Crude-carrying tank cars would need to upgraded by 2017. The proposed regulations would also give the ethanol industry until 2018 to improve or replace tank cars that carry that fuel. The deadline for cars used to transport other flammable liquids that typically pose less of a hazard than oil or ethanol would extend to 2020.
Other new requirements proposed include a 40-mile-per-hour speed limit until sturdier tank cars can be built or existing railcars can be strengthened, as well as other rules that cover tank-car design, routing, brakes and testing of hazardous liquids.
Shipping oil by train is much more dangerous than shipping by pipeline. But the federal government has a number of regulations that slow or even prevent building of pipelines. One intervention–preventing the construction of pipelines–leads oil to be carried in more hazardous ways. In response, the government does not reduce the regulation that slows the building of pipelines. Instead it regulates shipping by train.
Mises strikes again.
READER COMMENTS
MikeP
Jul 28 2014 at 2:46am
Mises may strike even harder in this case.
Presumably this is a reaction to, most notably, the Lac-Megantic, Quebec, derailment.
Well, that derailment didn’t happen because a train was speeding through town. It happened because a train was left unattended so the engineer could get some sleep at the end of his shift.
What does a lower speed limit do? Create longer duration train trips of course. That means more shift changes, more nights in hotels with trains unattended, and in general more operations outside the designed steady state. Furthermore, a slower speed limit means more total time that oil tank cars are on the rails.

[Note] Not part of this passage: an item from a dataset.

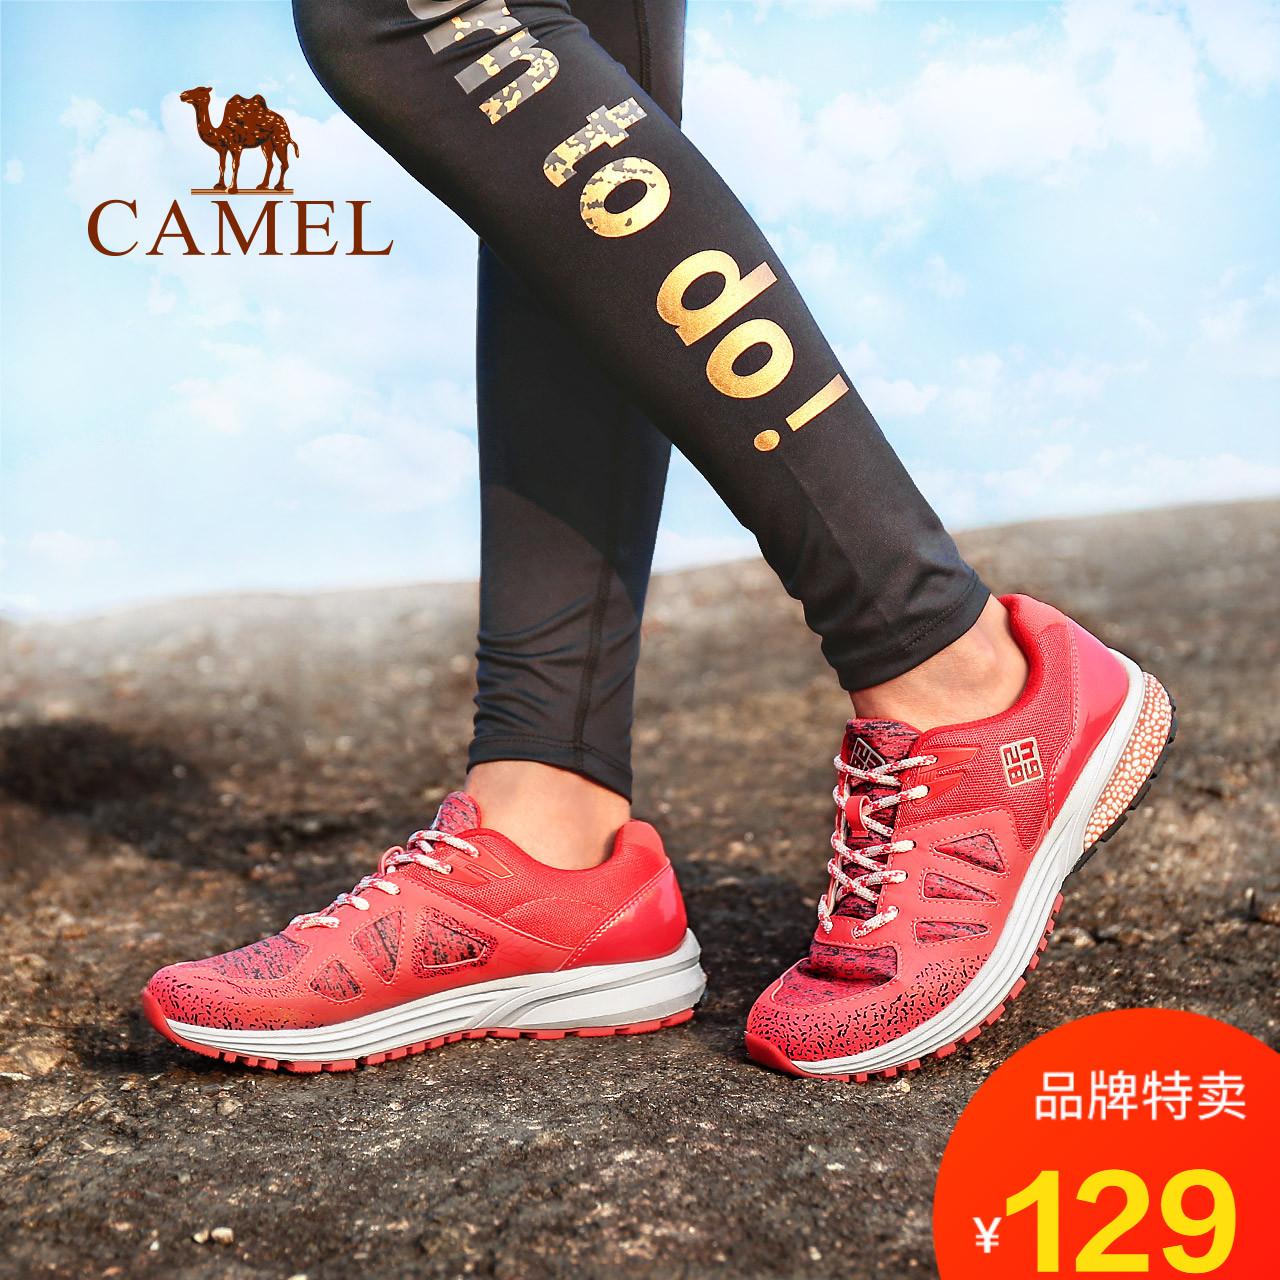 特卖骆驼女鞋登山队系列越野跑鞋耐磨防滑减震时尚女士休闲运动鞋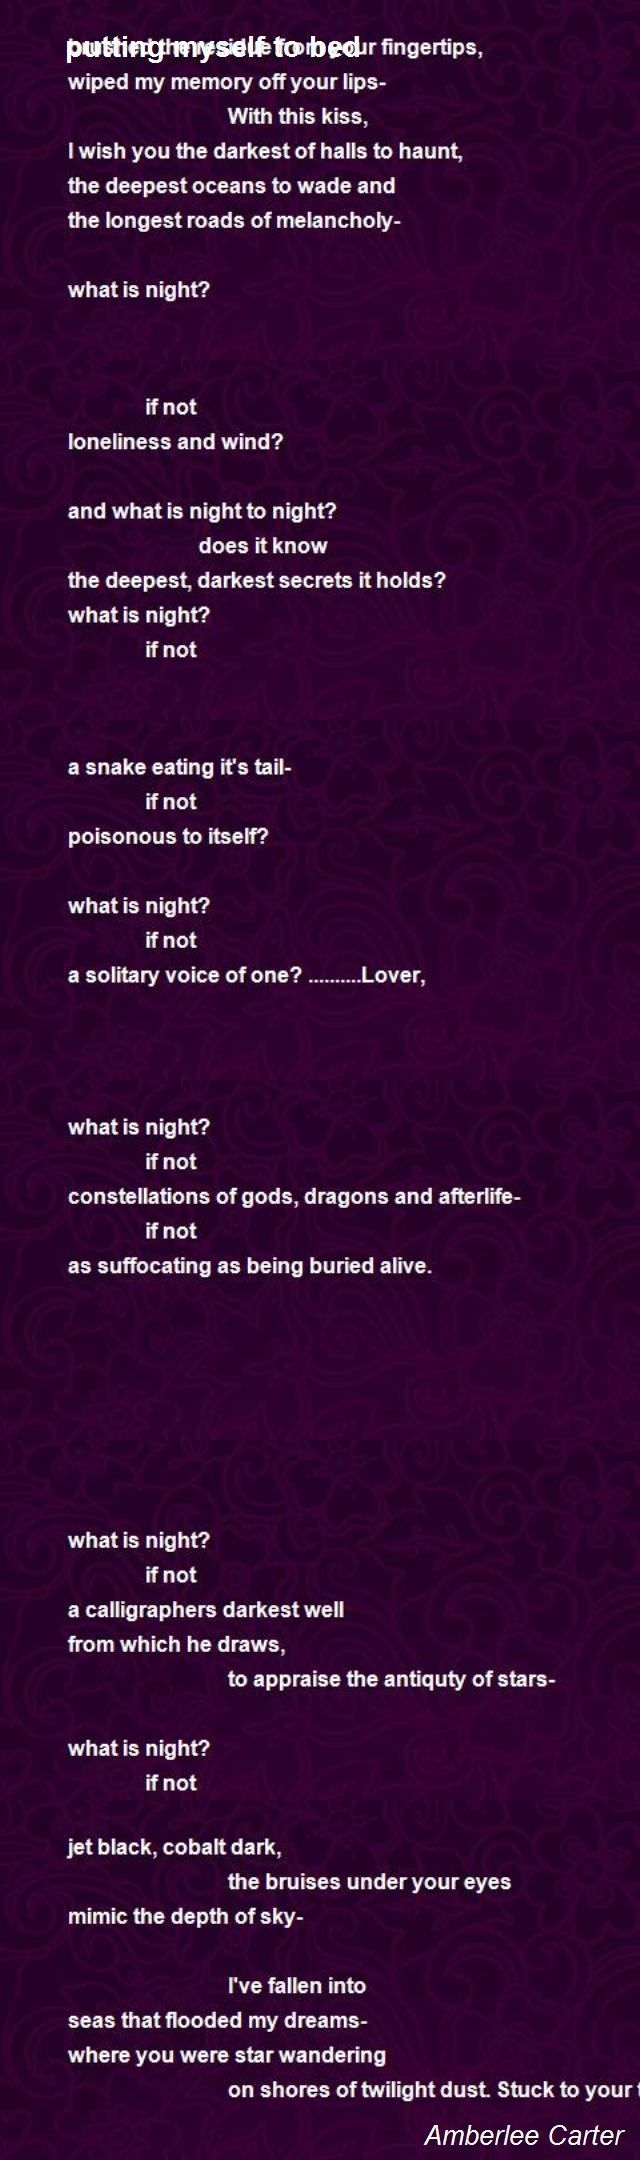 Https://www.poemhunter/poem/a-Poem-In-Delphi-1987

It may well be true that the slower speed limit will be safer overall, but that is not necessarily obvious. There are accidents due to speed, and there are accidents due to every other cause besides speed. Lowering the speed limit decreases the likelihood of the former. But keeping the trains on the tracks longer necessarily increases the likelihood of the latter. And the archetypical accident of the present day is an example of the latter.
Richard O. Hammer
Jul 28 2014 at 6:31am
Government continually gives itself new powers to solve problems which have been caused in part by earlier government regulations, as David illustrates.
Mainstream media play a role in this process as I have argued. A typical citizen-voter who becomes aware of a problem naturally hopes the problem will be solved without too much mental effort on the part of that citizen-voter. The simplest-looking solution will probably be proposed by a politician: Government will fix it; just support this politician.
I believe a solution discovered through market process would be healthier in the long run. But it is harder to picture that market-based solution. Harder to describe it. Citizen-voters who need to husband their resources naturally choose the best looking promise, the promise offered by politicians.
Tom West
Jul 28 2014 at 9:43am
How odd.
I’m fairly certain that most infrastructure projects like pipelines or electrical transmission corridors would *never* get built without the government power of eminent domain.
David R. Henderson
Jul 28 2014 at 10:10am
@Tom West,
Fairly certain, based on what?
Tom DeMeo
Jul 28 2014 at 10:23am
Constantly demeaning government intervention, even when it is appropriate, leads to failures in government intervention.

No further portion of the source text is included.